Financial Management

Question:

If the rate of return on investment for a company is 15%, a situation of unfavourable financial leverage will be said to arise when the rate of interest payable on debt capital is

Options:

More than 15 %

Less than 15%

Equal to 15%

None of the above

Correct Answer:

More than 15 %

Explanation:

The correct answer is Option 1: More than 15%

In the context of financial leverage, when the rate of return on investment (ROI) is higher than the rate of interest payable on debt capital, it is considered favorable leverage. Conversely, when the rate of return on investment is lower than the rate of interest payable on debt capital, it is considered unfavorable leverage.
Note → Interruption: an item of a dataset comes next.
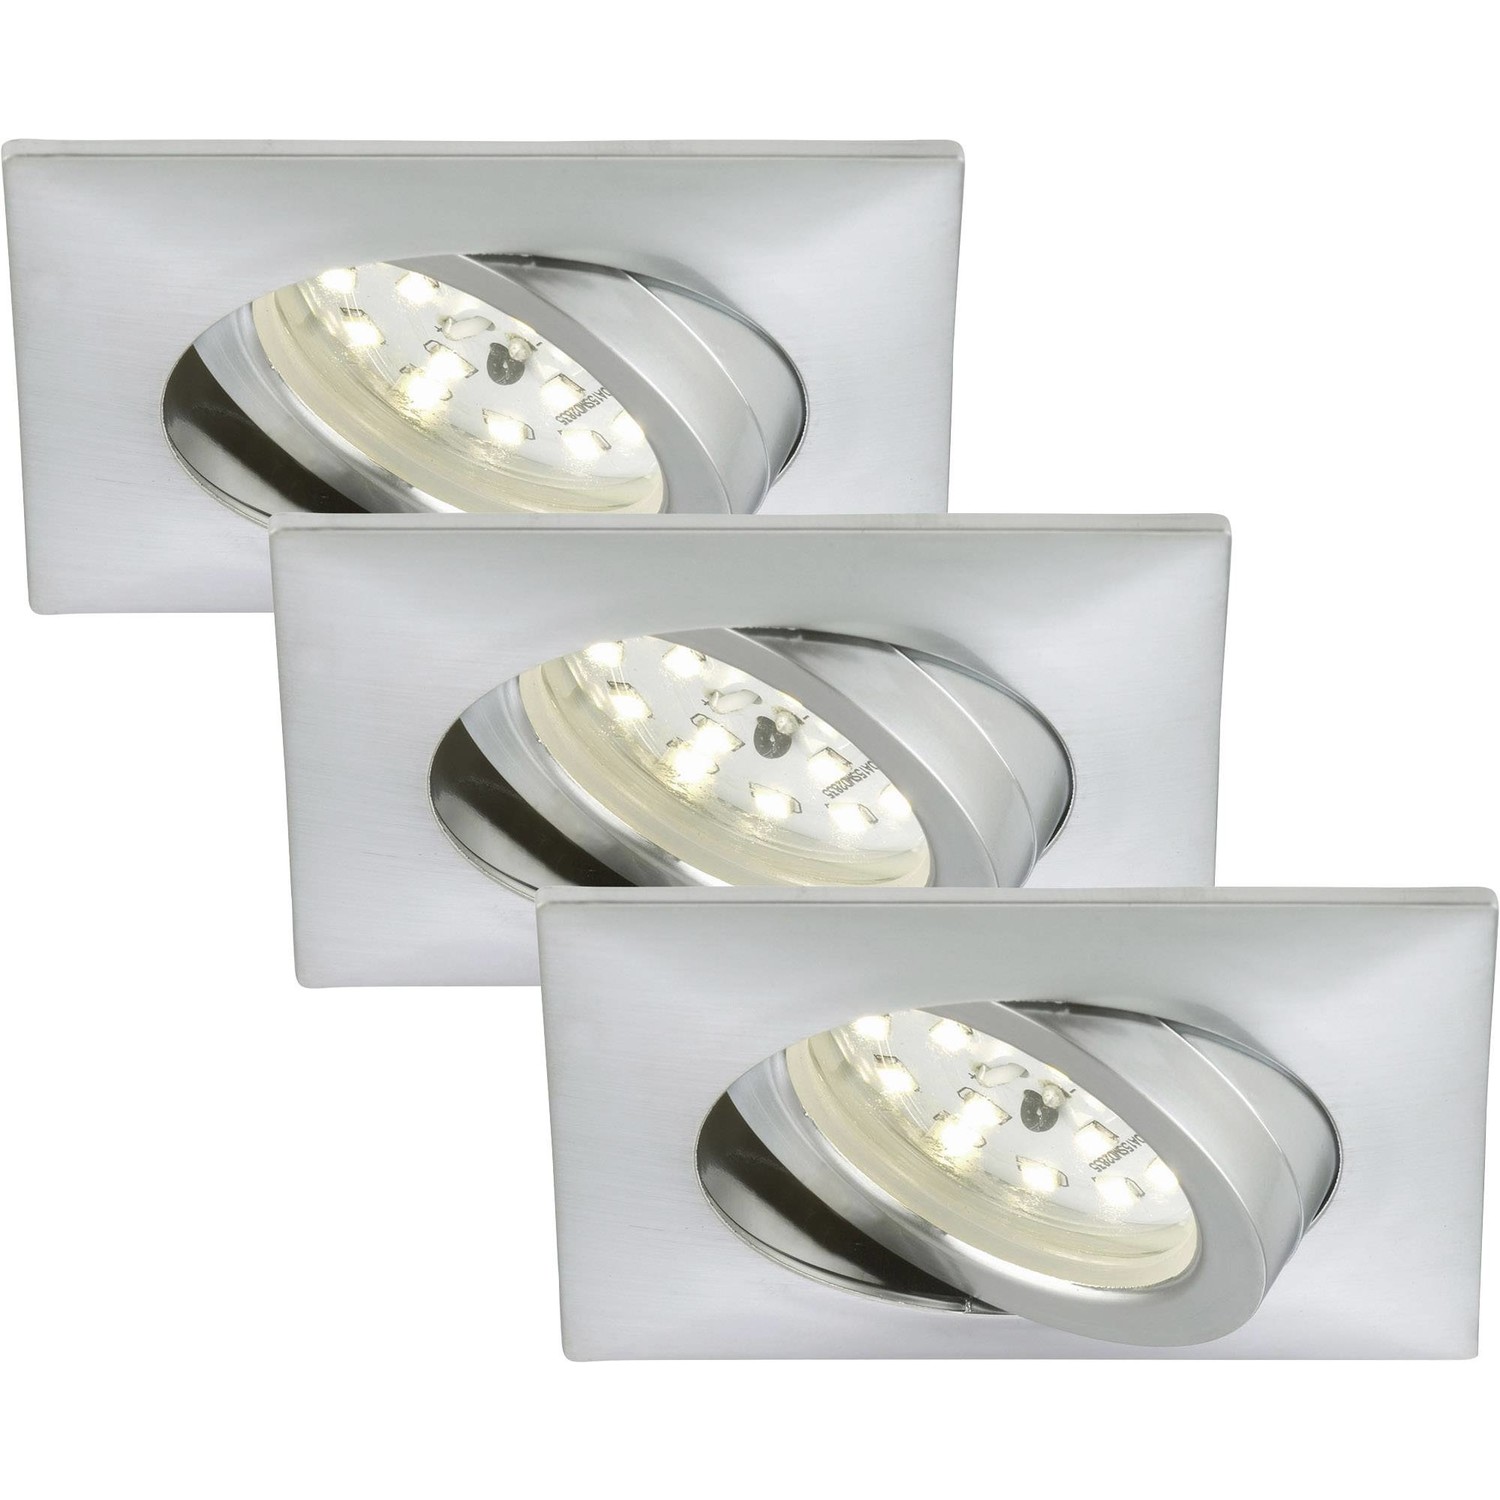 kassa bevestig alstublieft vervormen Briloner 7210-039 LED-inbouwlamp Set van 3 x 5 W LED Warm-wit Aluminium -  willemxl.com

Given that the rate of return on investment for the company is 15%, unfavorable financial leverage will occur when the rate of interest payable on debt capital is: Option 1: More than 15%

"The proportion of debt in the overall capital is also called financial leverage. Financial leverage is computed as D/E or D/(D+E) when D is the Debt and E is the Equity. As the financial leverage increases, the cost of funds declines because of increased use of cheaper debt but the financial risk increases. If a company borrows Rs. 100 at 10% interest p.a., and earns a return of 12%, the leverage will be considered favourable. Unfavourable or negative leverage occurs when the firm does not earn as much as the cost of debt."